Date/Time: Thursday 21 July 2005 - 11:12:05
Type of error: error
Message: Pointer too large
Fault ID: 2306
Problem data: DbtupExecQuery.cpp
Object of reference: DBTUP (Line: 604) 0x00000008
ProgramName: /usr/sbin/ndbd
ProcessID: 16174
TraceFile: /var/lib/mysql-cluster/ndb_2_trace.log.13
Version 4.1.12
***EOM***

And this, if can be useful:
Date/Time: Thursday 21 July 2005 - 11:12:53
Type of error: error
Message: Arbitrator shutdown
Fault ID: 2305
Problem data: Arbitrator decided to shutdown this node
Object of reference: QMGR (Line: 3796) 0x00000008
ProgramName: /usr/sbin/ndbd
ProcessID: 16342
TraceFile: /var/lib/mysql-cluster/ndb_2_trace.log.14
Version 4.1.12
***EOM***
[21 Jul 2005 13:48] Fabio Coatti
Trace files for nightly build 16-07-05

Attachment: ndb_2_trace.log.14.gz (application/x-gzip, text), 55.69 KiB.

[21 Jul 2005 13:49] Fabio Coatti
Trace files for nightly build 16-07-05

Attachment: ndb_3_trace.log.22.gz (application/x-gzip, text), 29.69 KiB.

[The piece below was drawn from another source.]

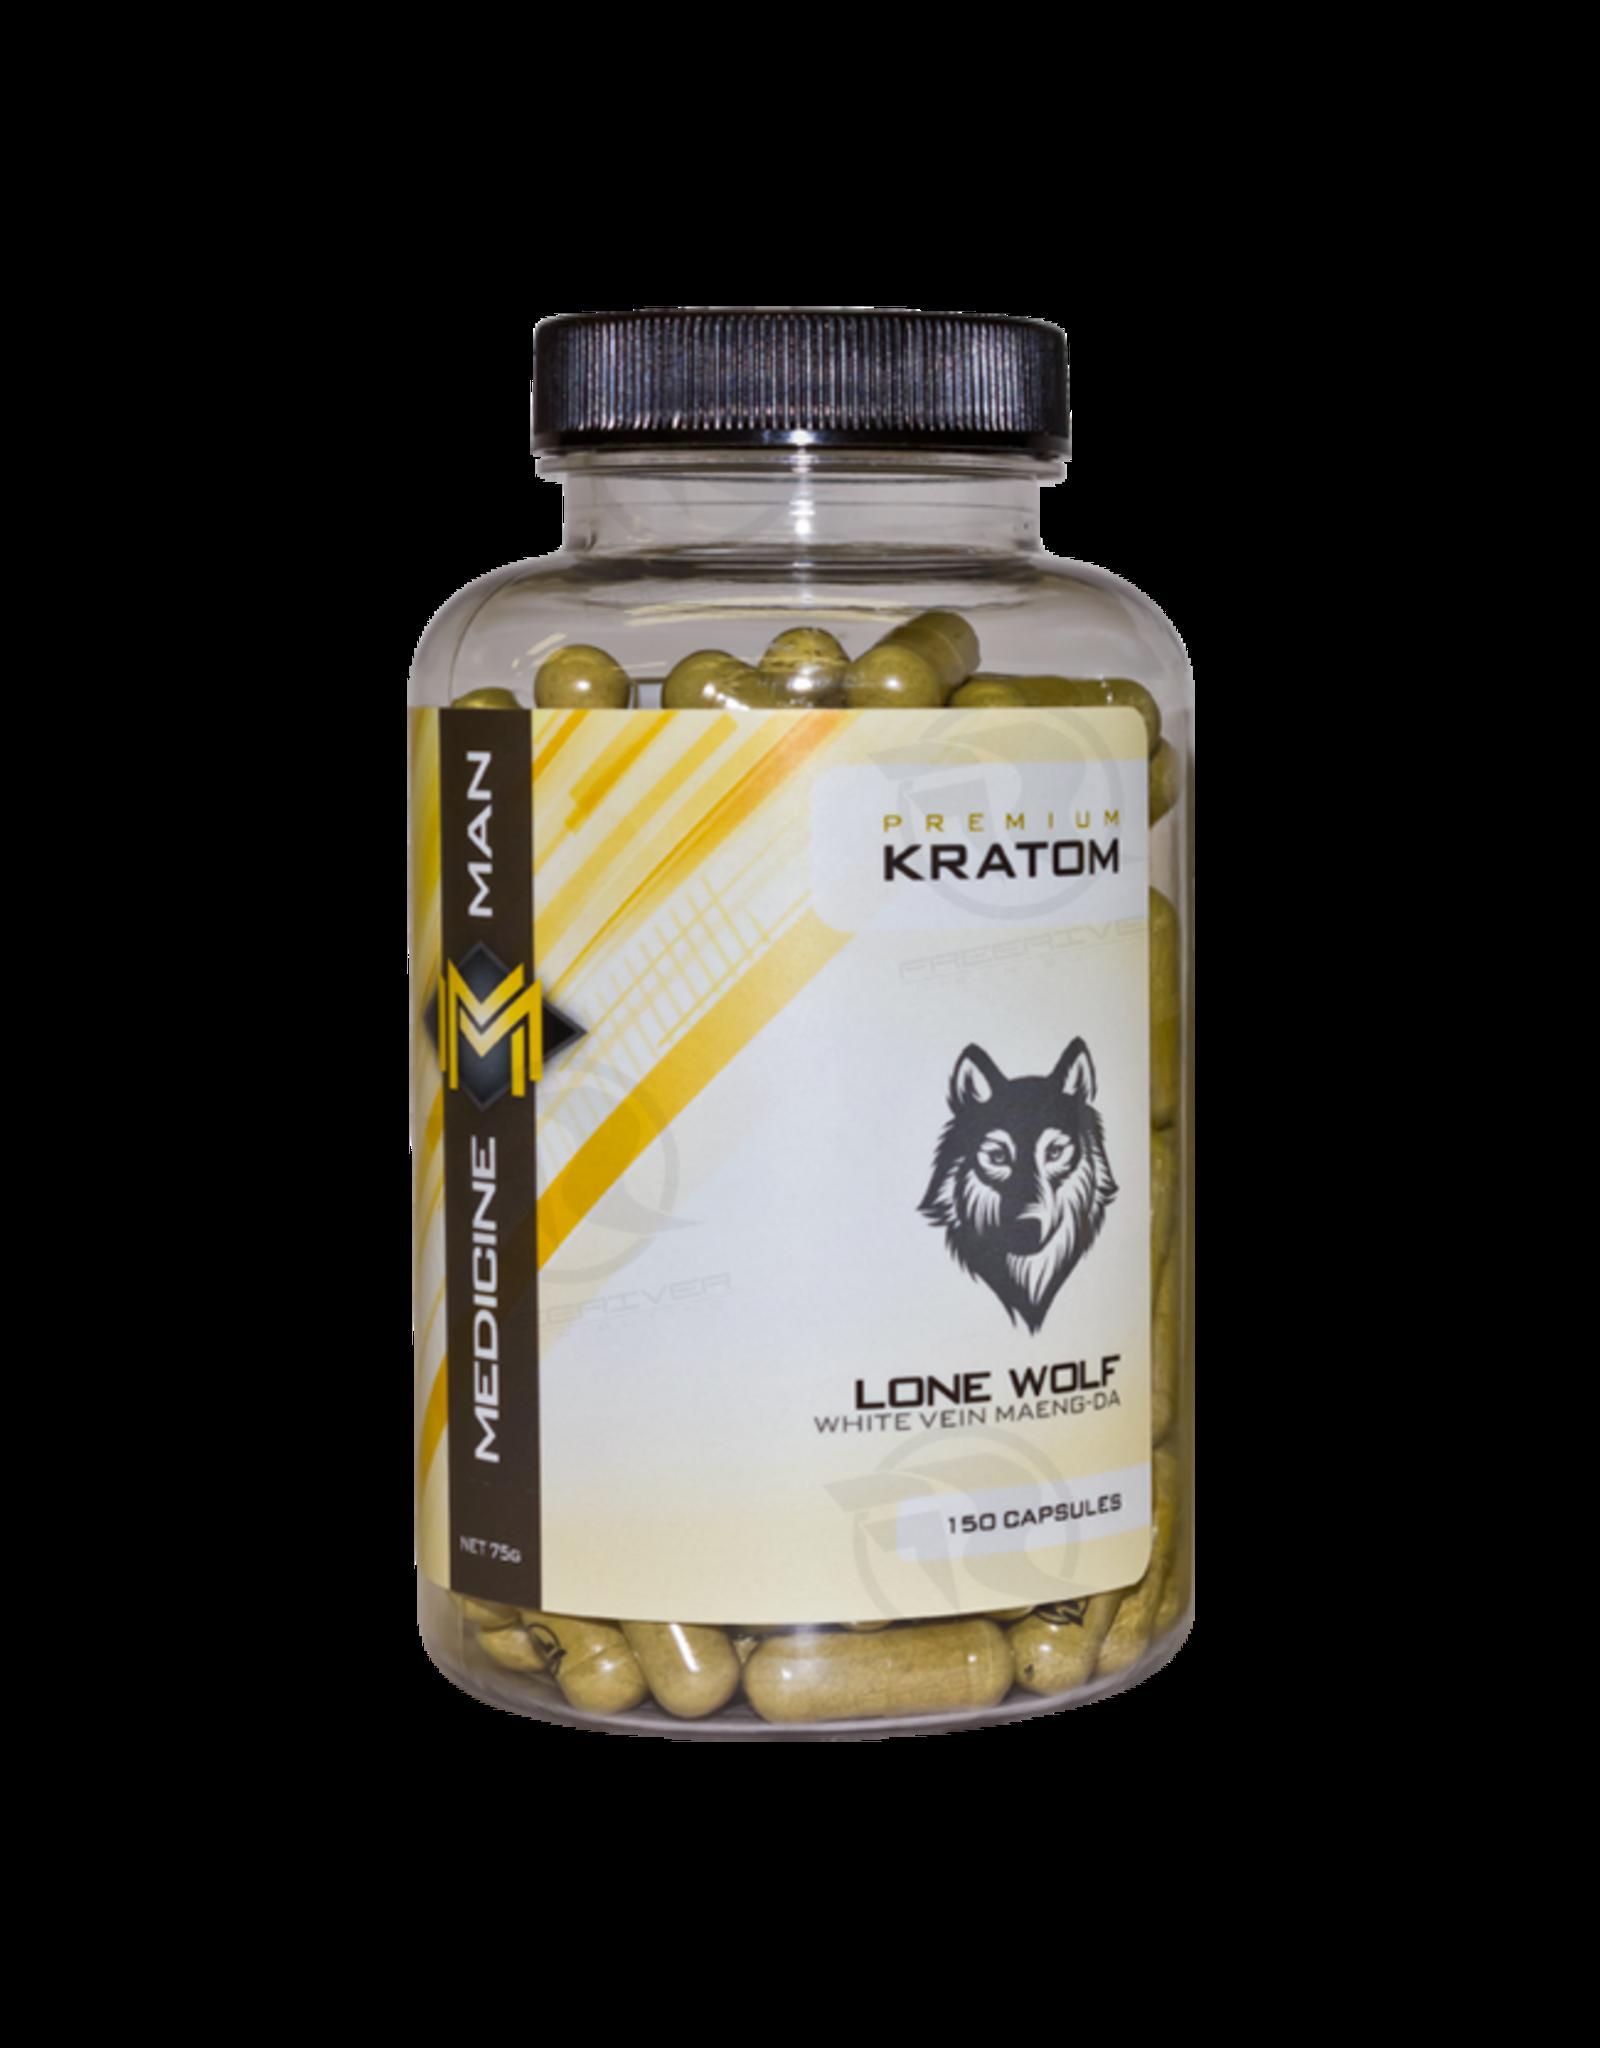 Medicine Man Kratom Lone Wolf 150 Caps 6pk

[21 Jul 2005 14:22] Jonas Oreland
Hi,

I'm a bit confused...this resembles the bug report that I refered to earlier that has been fixed
from _4.1.13_

But you say that you downloaded and compiled latest..and still error logs show version 4.1.12

/Jonas
[21 Jul 2005 14:35] Fabio Coatti
I understand, but I've downloaded this tar file:
mysql-4.1.14-nightly-20050716.tar.gz

and yesterday I've installed latest BK tree. The ndbd executable is compiled today; I'll try again once more to be sure to have compiled the right package, just to be on the safe side (I really hope this is my fault). 

I'll report back asap.
[22 Jul 2005 14:22] Fabio Coatti
I've tried again, after cleaning up the whole tree, this time with 4.1.14-nightly-20050716
The problems seems almost vanished, so I suppose some problme on my side. Anyway, I've seen only one issue in cluster restarting, as shown here:

2005-07-22 14:30:00 [MgmSrvr] INFO     -- Node 2: Communication to Node 0 opened
2005-07-22 14:30:00 [MgmSrvr] INFO     -- Node 2: Start phase 8 completed (system restart)
2005-07-22 14:30:00 [MgmSrvr] INFO     -- Node 2: Start phase 9 completed (system restart)
2005-07-22 14:30:00 [MgmSrvr] INFO     -- Node 2: Started (version 4.1.14)
2005-07-22 14:30:00 [MgmSrvr] INFO     -- Node 3: Start phase 2 completed (node restart)
2005-07-22 14:30:00 [MgmSrvr] INFO     -- Node 2: Node 4 Connected
2005-07-22 14:30:00 [MgmSrvr] INFO     -- Node 2: Node 5 Connected
2005-07-22 14:30:00 [MgmSrvr] INFO     -- Node 2: Node 4: API version 4.1.14
2005-07-22 14:30:00 [MgmSrvr] INFO     -- Node 2: Node 5: API version 4.1.14
2005-07-22 14:30:01 [MgmSrvr] INFO     -- Node 2: Node 1: API version 4.1.14
2005-07-22 14:30:02 [MgmSrvr] ALERT    -- Node 1: Node 3 Disconnected
2005-07-22 14:30:02 [MgmSrvr] INFO     -- Mgmt server state: nodeid 3 freed, m_reserved_nodes 0000000000000036.
2005-07-22 14:30:02 [MgmSrvr] WARNING  -- Allocate nodeid (3) failed. Connection from ip X.Y.Z.W. Returned error string "Id 3 already allocated by another node."
2005-07-22 14:30:02 [MgmSrvr] INFO     -- Mgmt server state: node id's  3 connected but not reserved
2005-07-22 14:30:02 [MgmSrvr] INFO     -- Mgmt server state: node id's  1 not connected but reserved

I'm still investigating this, but it's hard to reproduce, so I suppose that this bug can be closed,  thanks for the help.
[22 Jul 2005 14:28] Jonas Oreland
Closed...as it after some investigation already was reported and solved.